Eur. Phys. J. C (1998) 5: 143-153
https://doi.org/10.1007/s100529800831

Theoretical physics

On chemical equilibrium in nuclear collisions

¹ INFN Sezione di Firenze, Largo E. Fermi 2, 1-50125, Firenze, Italy
² Institut für Kernphysik, Universität Frankfurt, August-Euler-Strasse 6., D-60486, Frankfurt, Germany
³ Fakultät für Physik, Universität Bielefeld, Universitätsstr. 25, D-33615, Bielefeld, Germany

^* e-mail: becattini@fi.infn.it
^** e-mail: marek@ikf.uni-frankfurt.de
^*** e-mail: sollfran@physik.uni-bielefeld.de

Received: 31 October 1997
Published online: 16 September 2013

Abstract

The data on average hadron multiplicities in central A+A collisions measured at CERN SPS are analysed with the ideal hadron gas model. It is shown that the full chemical equilibrium version of the model fails to describe the experimental results.
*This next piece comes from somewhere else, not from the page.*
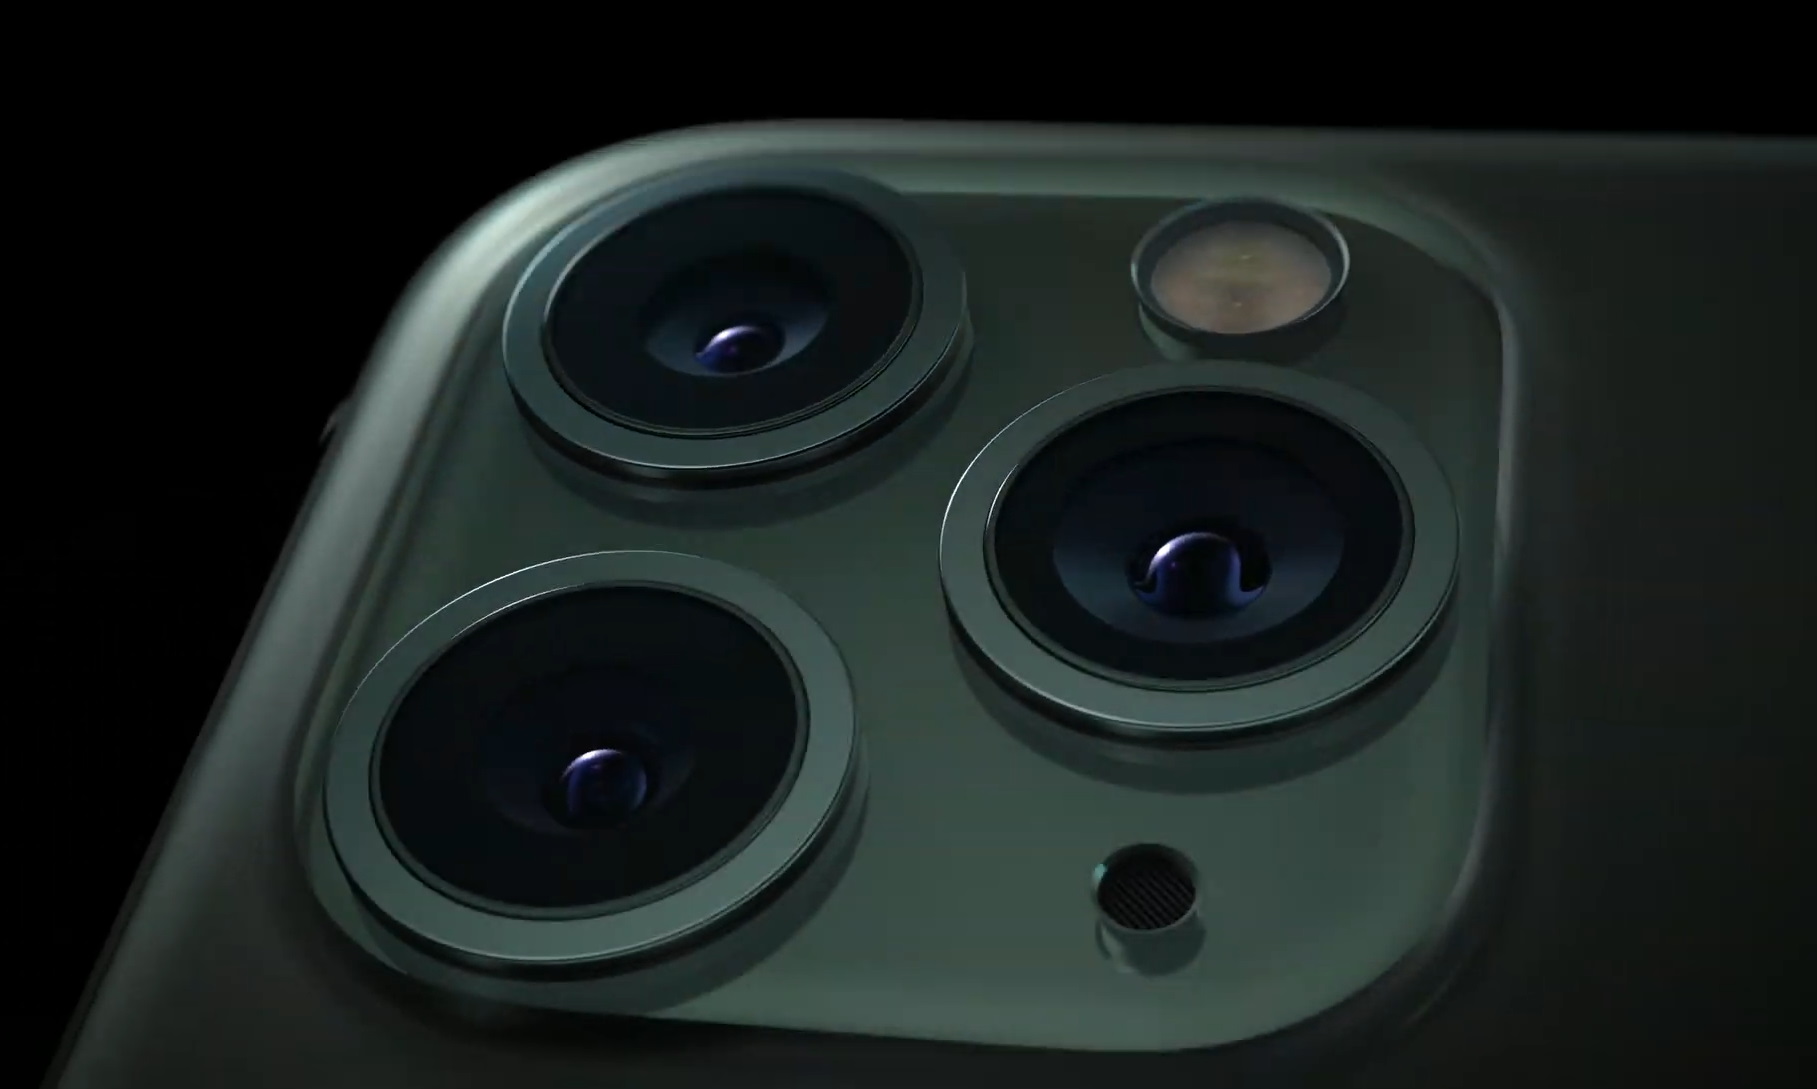 Why the new iPhone 11 Pro have 3 cameras? | TechCrunch

The agreement of the data with the off-equilibrium version allowing for partial strangeness saturation is significantly better. The chemical freeze-out temperature of about 180 MeV seems to be independent of the system size (from S+S to Pb+Pb) and in agreement with that extracted in e⁺ + e⁻, p + p and collisions. The strangeness suppression is discussed at both hadron and valence quark level. It is found that the hadronic strangeness saturation factor γs increases from about 0.45 for p + p interactions to about 0.7 for central A+A collisions with no significant change from S+S to Pb+Pb collisions indicating that the strangeness enhancement in heavy ion collisions cannot be fully attributed to the increased system size. The quark strangeness suppression factor As is found to be about 0.2 for elementary collisions and about 0.4 for heavy ion collisions independently of collision energy and type of colliding system.